III. Будущее. Утопия
Клонирование — навязчивый лейтмотив позднего Сорокина — может, конечно, трактоваться как проживание травмы вторичности, так или иначе свойственной всей послевоенной российской прозе и особенно ее постмодернистскому изводу, начиная с Венедикта Ерофеева. Но в то же время это и стыковка Сорокина с научной фантастикой и футурологией, образцовым примером которых можно назвать «роман в письмах», открывающий «Голубое сало». Этот, по сути, непереводимый (хоть и переведенный на несколько языков) макаронический текст — манифестация вавилонского смешения дискурсов, лишенного привычного для писателя декларативного паразитирования на классике. Важно и то, что этот «роман в романе» лишен столь часто вменяемого в вину Сорокину насилия: перед нами — чистая love story, естественным образом напоминающая о галантной эпистолярной прозе XVIII века. Смутное будущее, в котором возможны любовь и гармония. Что-то новенькое.
На поиски этого будущего Сорокин отправляется в романе, открывающем для него новое тысячелетие: «Лед» (2002), который со временем вырос в монументальную трилогию. Вторая часть — «Путь Бро» (2004); третья, «23 000» (2005), была опубликована сразу в одном томе с двумя предыдущими.

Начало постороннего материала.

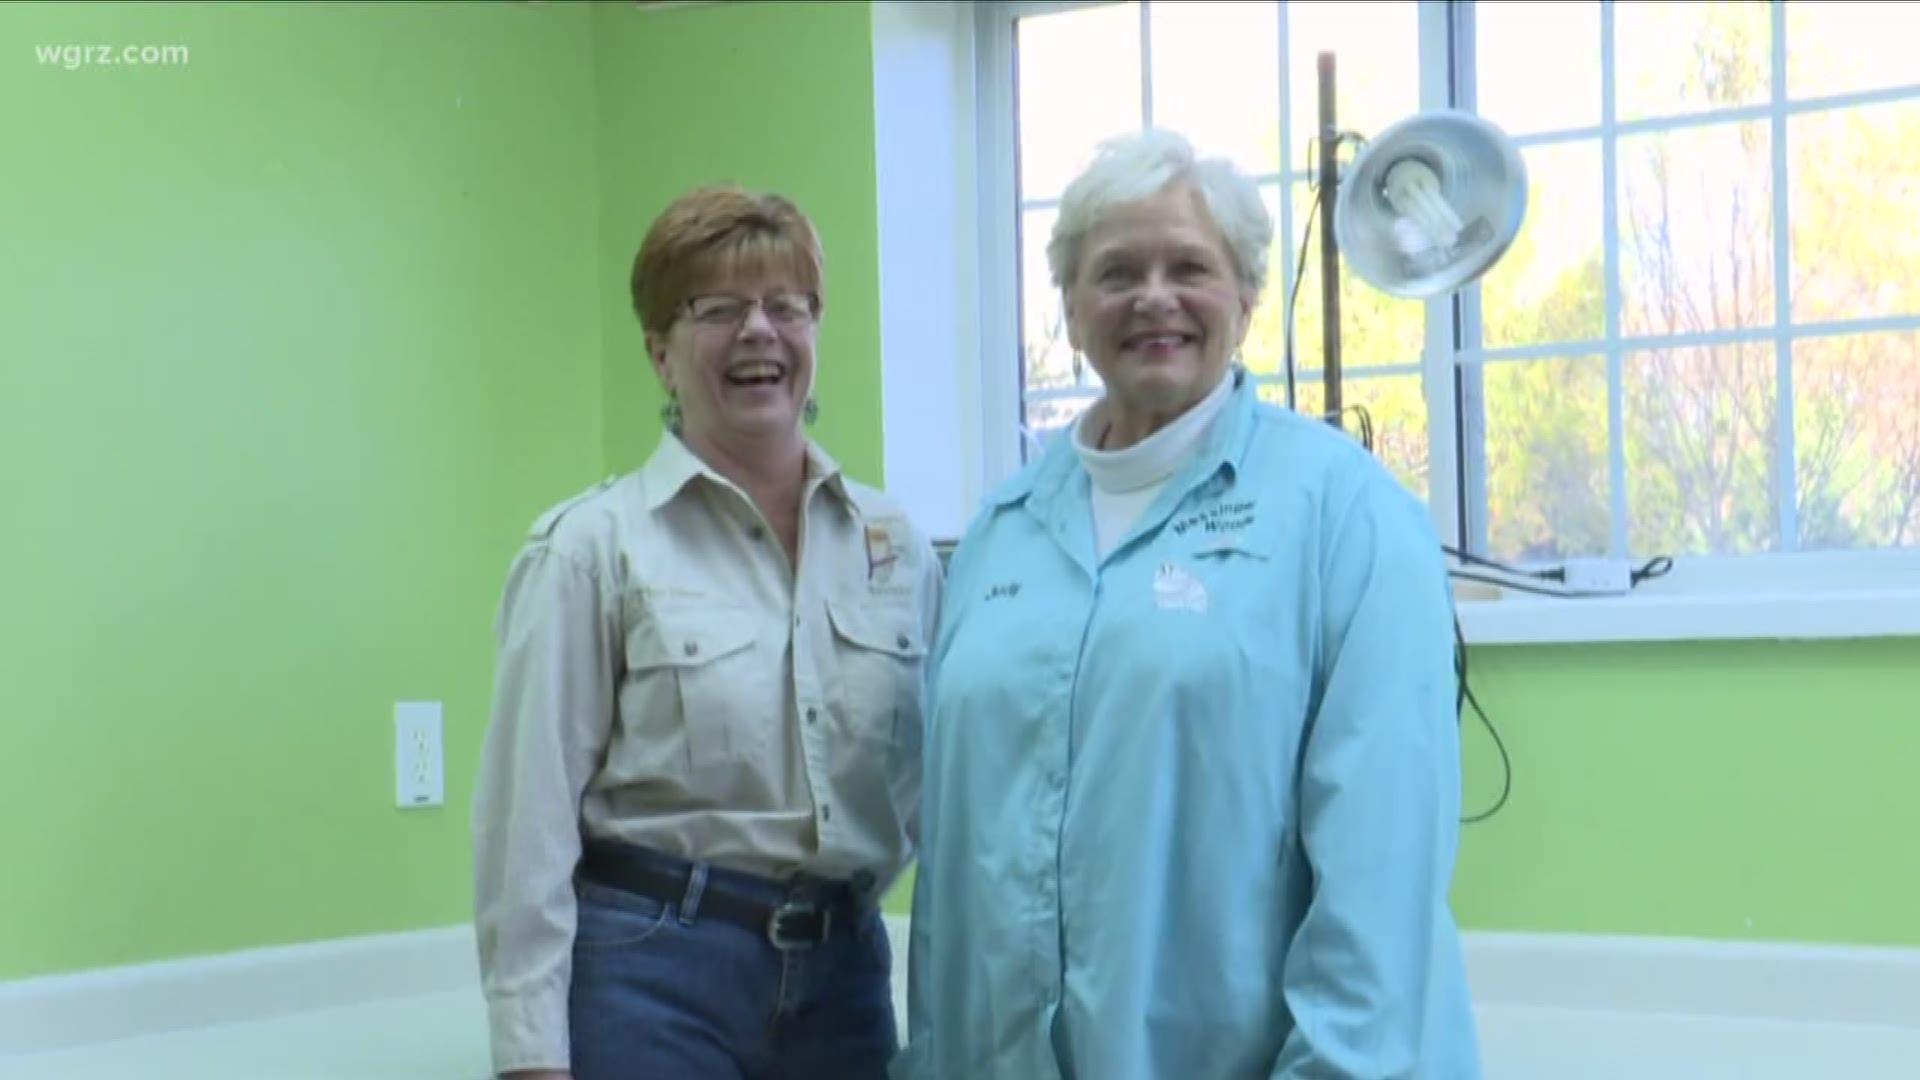 Together, Judy Seiler and Marianne Hites are part of a team of 150 volunteers who care for sick and injured animals at Messinger Woods in Holland.

Описанное мнимо нейтральным языком, памятным еще по «Норме», настоящее наконец смыкается там с мифологически мемуарным прошлым и фантастически-кинематографическим будущим. Замыкание круга времени — метасюжет трилогии, герои которой — заблудившиеся в грешном человеческом мире ангелы. 23 000 лучей первозданного света, заключенных в оболочку хомо сапиенсов (они же «мясные машины»), ищут друг друга, чтобы пробудиться от телесного сна, заговорить сердцем — то есть открыть для себя тайный, единственно подлинный язык, — взяться за руки и уничтожить Землю, оказавшуюся системной ошибкой Космоса. А поможет им в этом присланный тем самым Космосом Тунгусский метеорит, состоящий из необычного льда: несколько ударов в грудь молотом из этого льда помогают человеку проснуться и научиться говорить сердцем.
Грандиозная критика сектантского мышления — его абсолютной беспощадности и бесчеловечности — в трилогии органично перетекает в реквием по религиозной мысли, уже невозможной в столетии ГУЛАГа и Освенцима (их создание в параллельной истории Сорокина объясняется нуждами «братьев Света», производивших в этих лабораториях селекцию «своих», непременно голубоглазых блондинов) и подмененной тотальным насилием во имя сомнительной благой цели. Трилогия — одновременно конспирологическая сатира и полноценная утопия, конечная цель которой — то ли тысячелетнее царство истины, то ли окончательное уничтожение «человеческого, слишком человеческого». Ницшеанская смерть всего живого логически вытекает из давным-давно провозглашенной и лишь сейчас окончательно осознанной смерти Бога.